> _About this task_: Reproduce the material below only from the line with "メガネ男子を好きな理由⑤片手で眼鏡を上げる仕草" to the line with "小さな連邦タッチサボン コフレ ギフト", both included, keeping each line exact and dropping the pictures.

> _Records supplied_:
----------
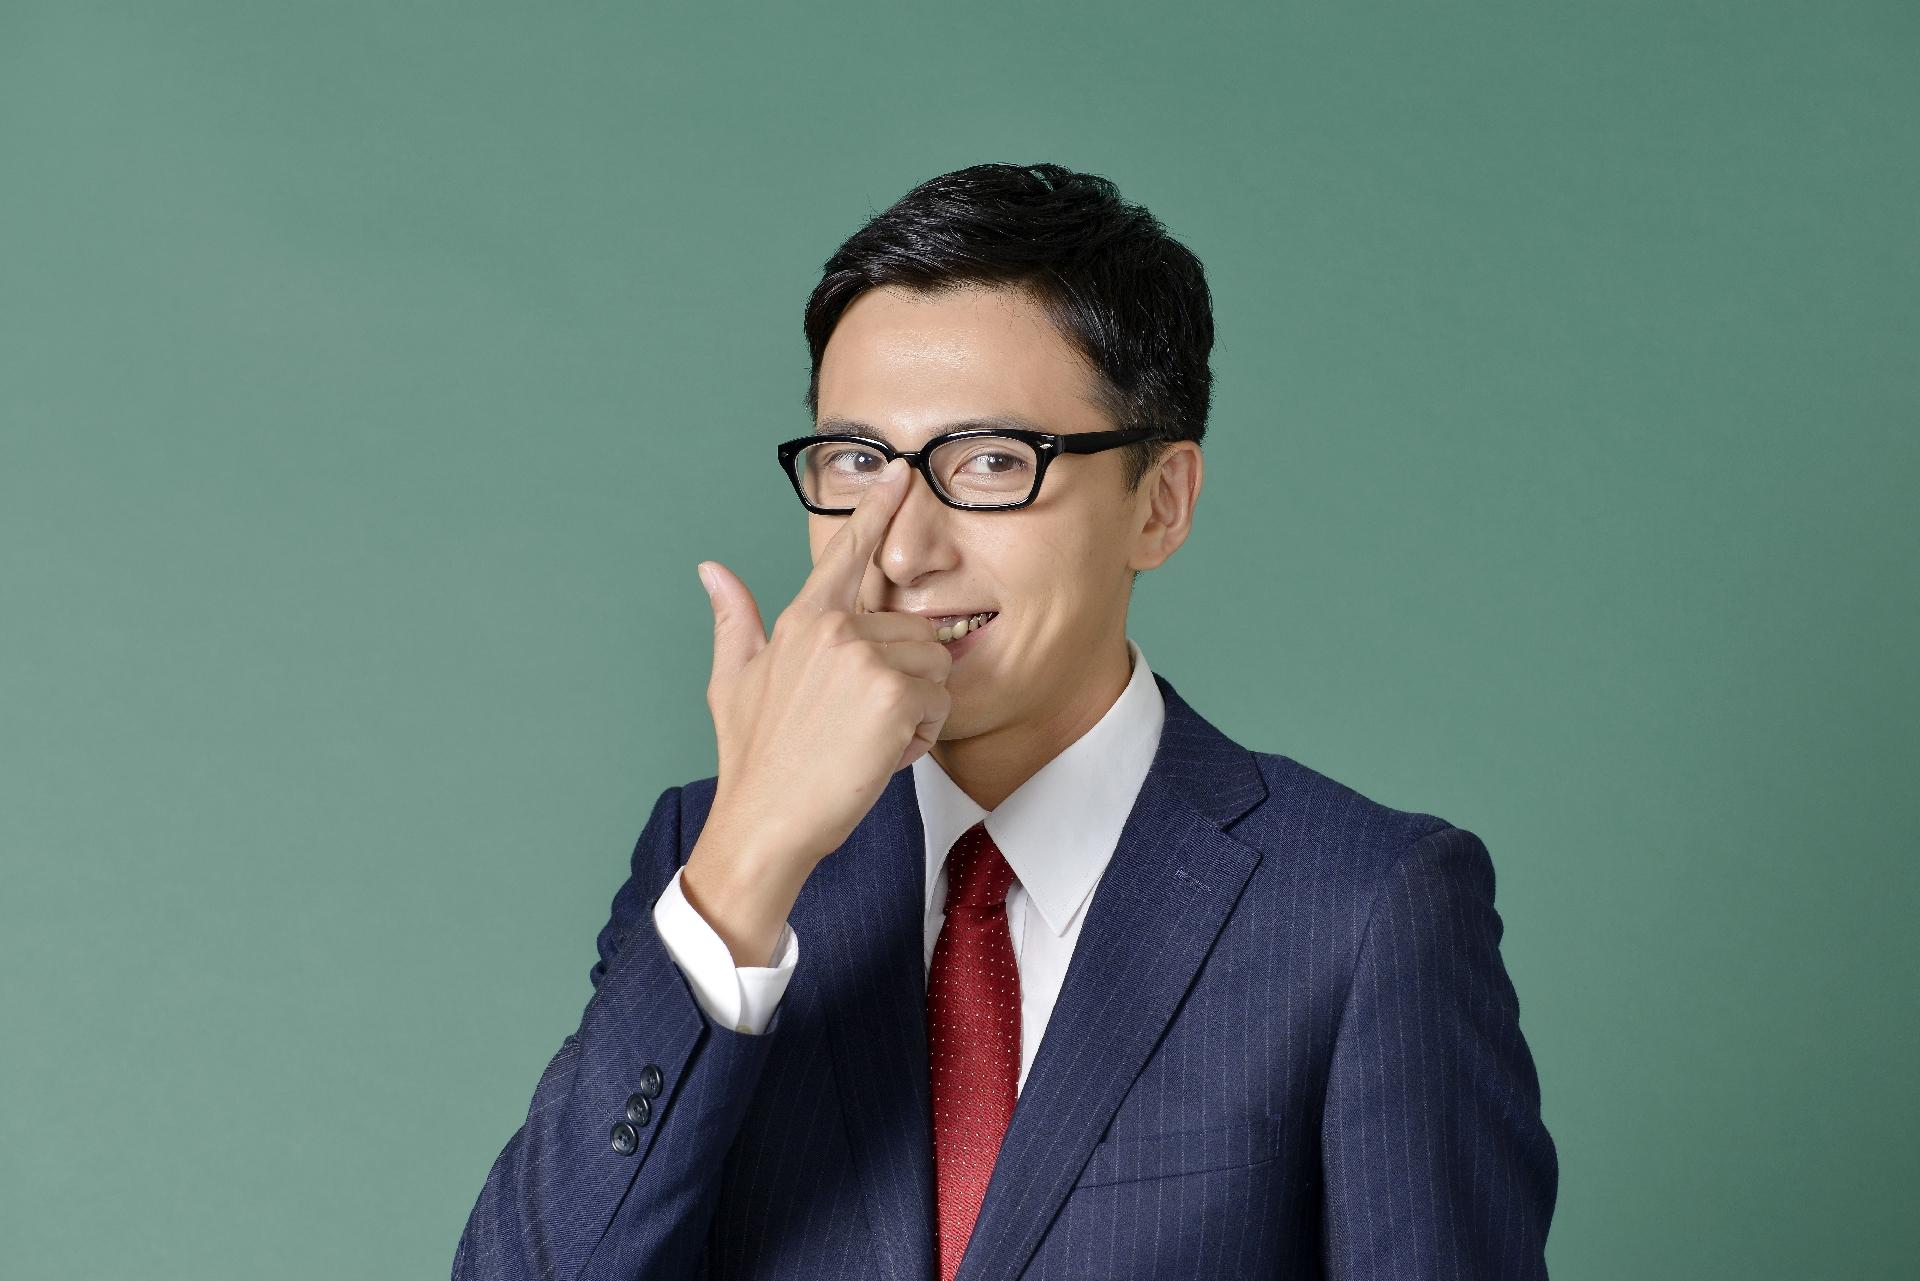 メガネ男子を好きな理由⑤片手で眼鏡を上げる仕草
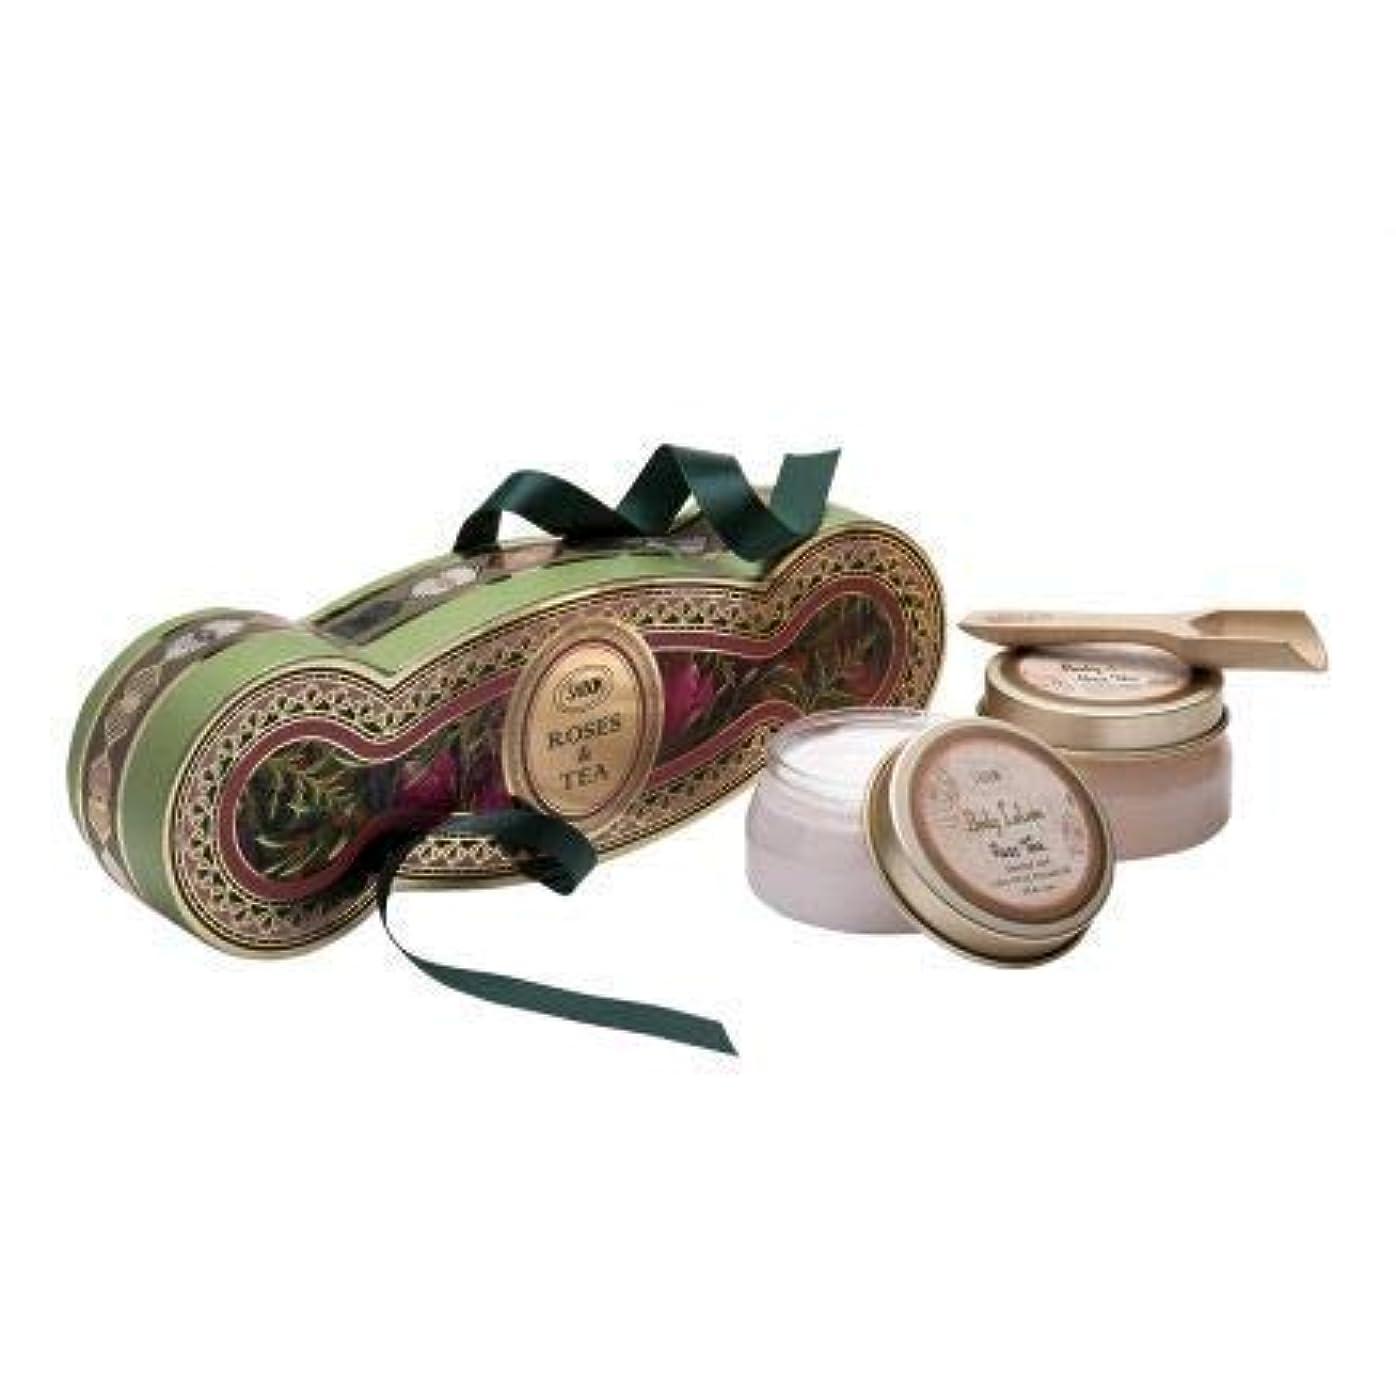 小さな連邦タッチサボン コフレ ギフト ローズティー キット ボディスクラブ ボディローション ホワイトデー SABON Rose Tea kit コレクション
----------
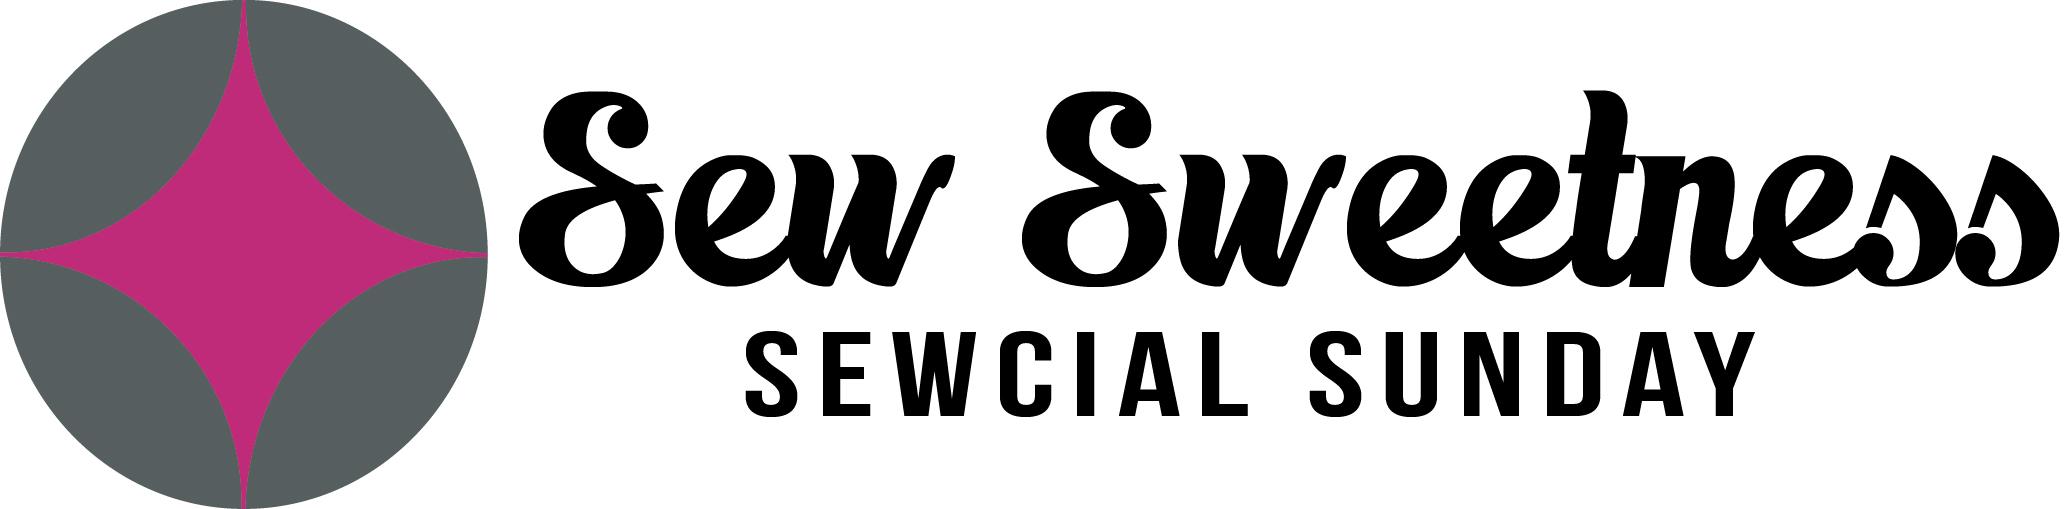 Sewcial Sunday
----------
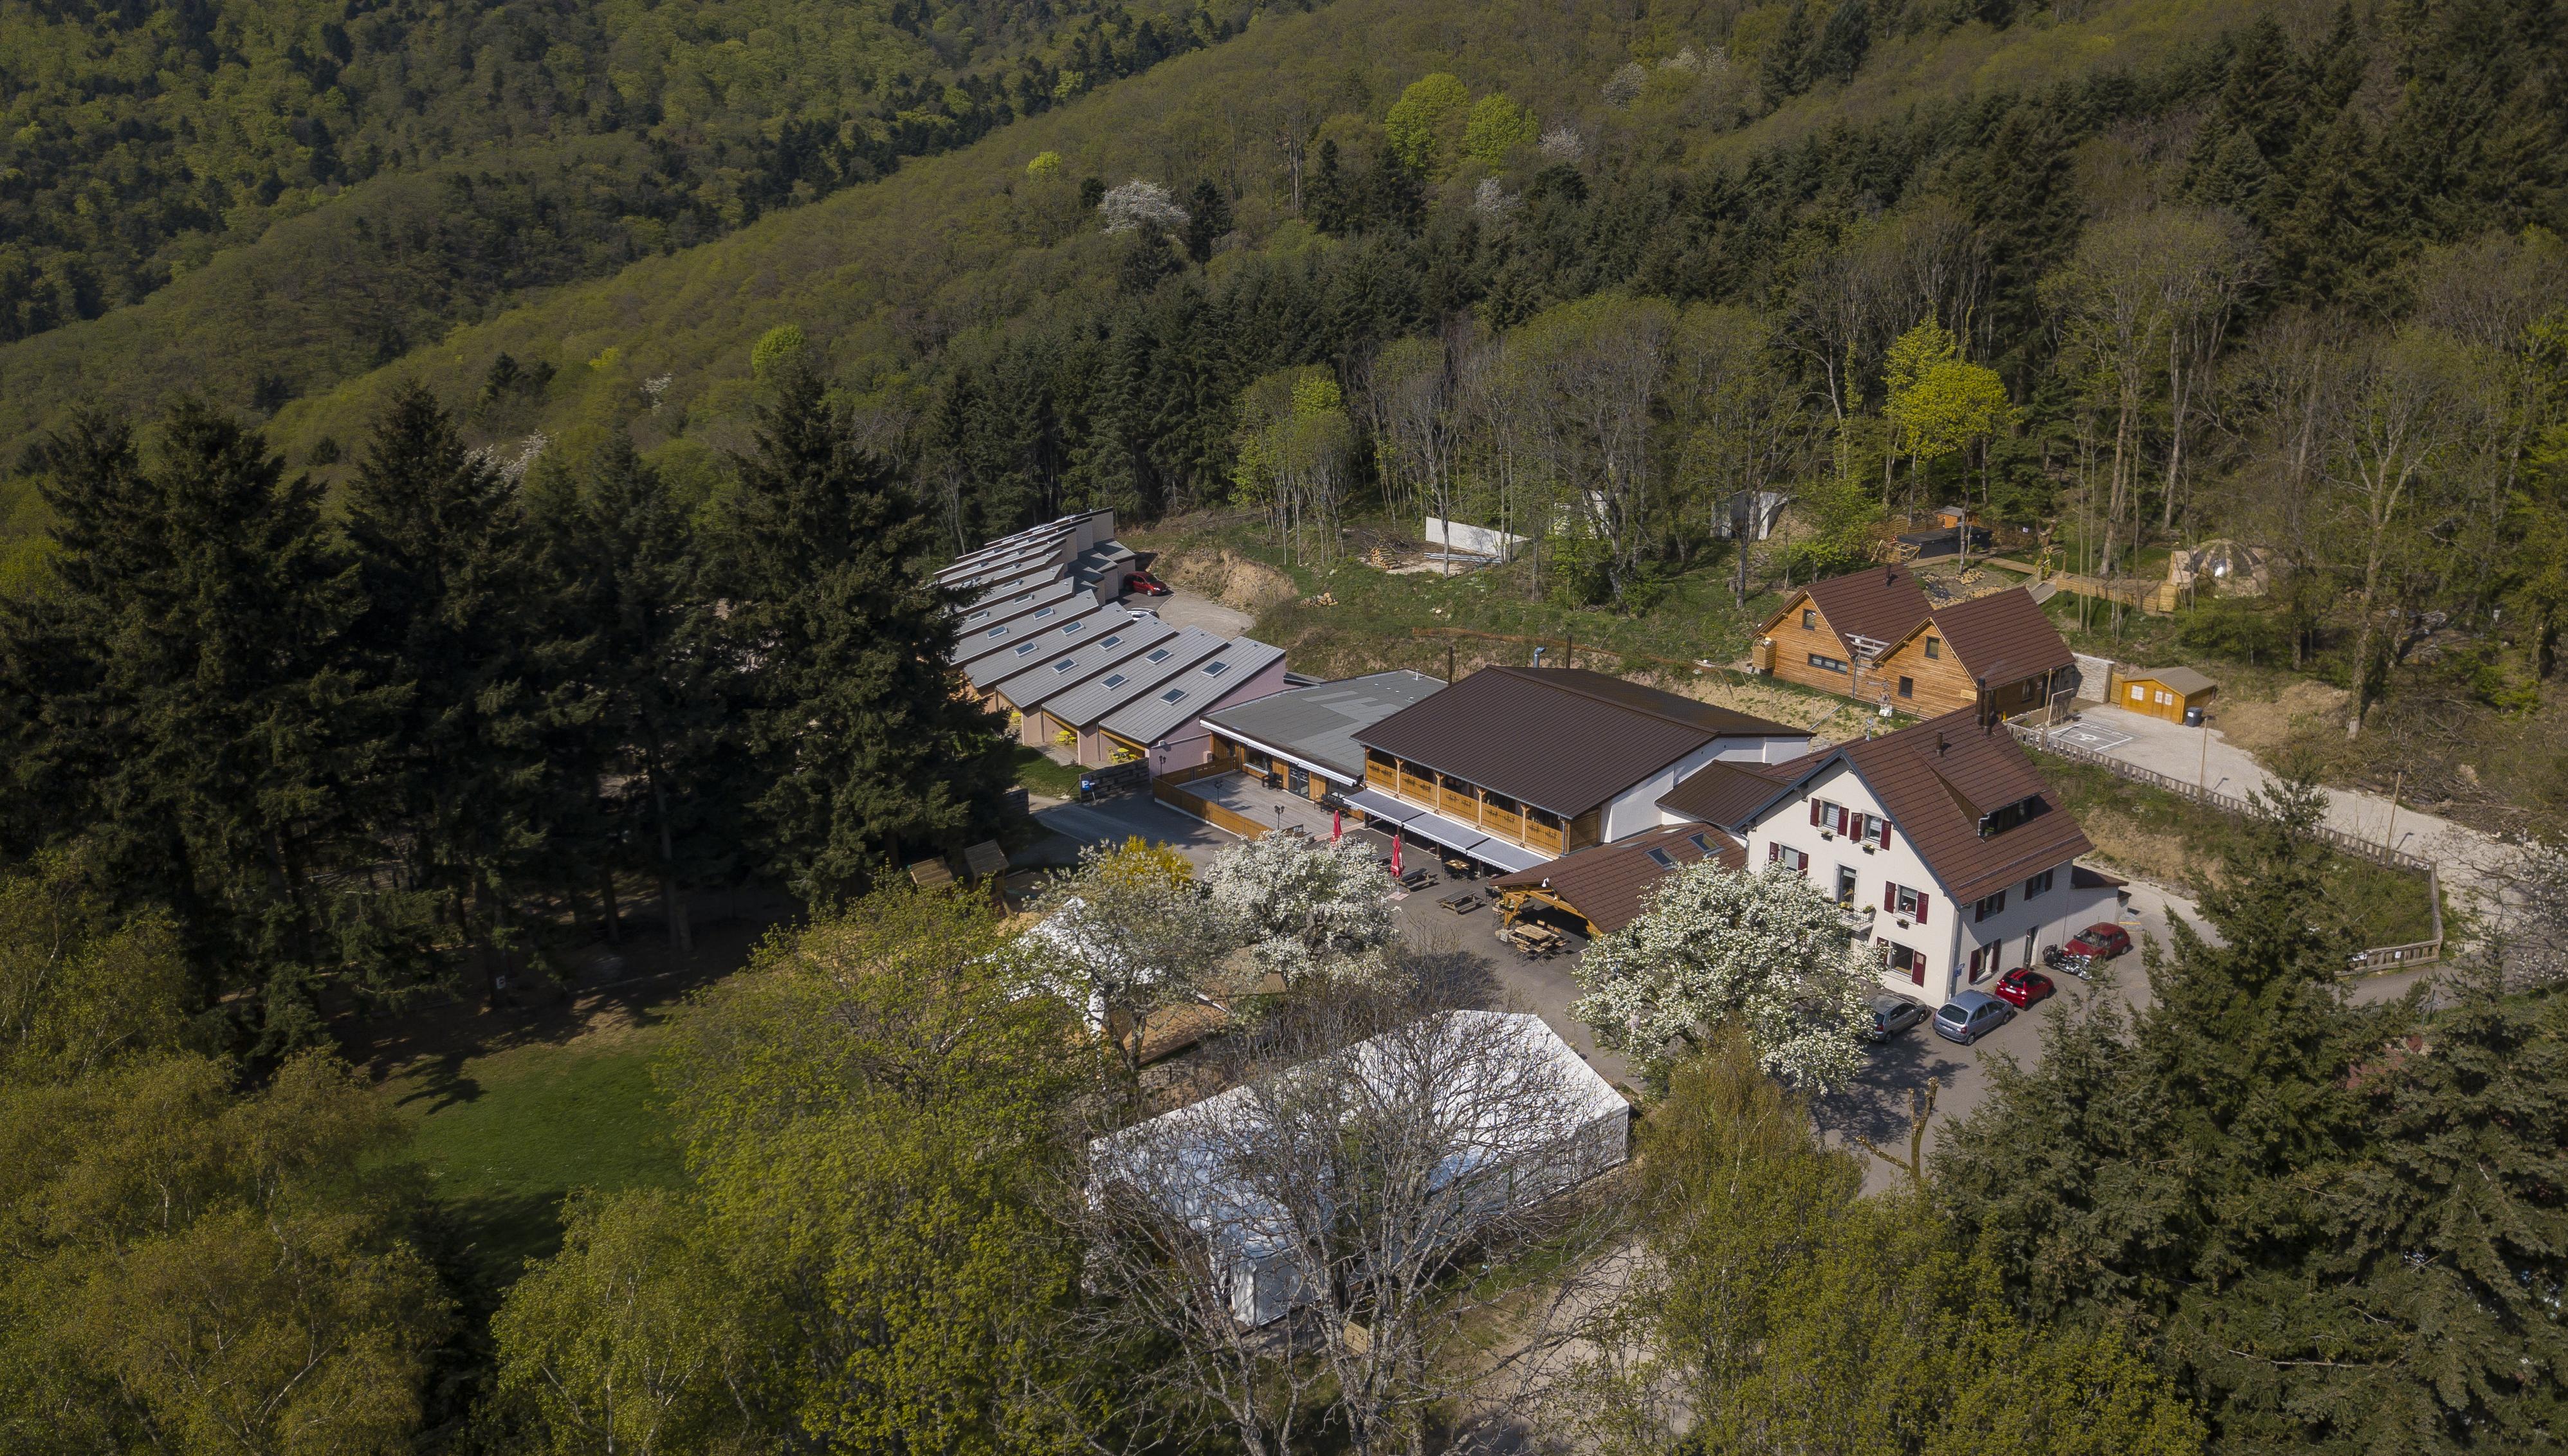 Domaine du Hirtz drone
----------
> _Response below_:
 メガネ男子を好きな理由⑤片手で眼鏡を上げる仕草
 小さな連邦タッチサボン コフレ ギフト ローズティー キット ボディスクラブ ボディローション ホワイトデー SABON Rose Tea kit コレクション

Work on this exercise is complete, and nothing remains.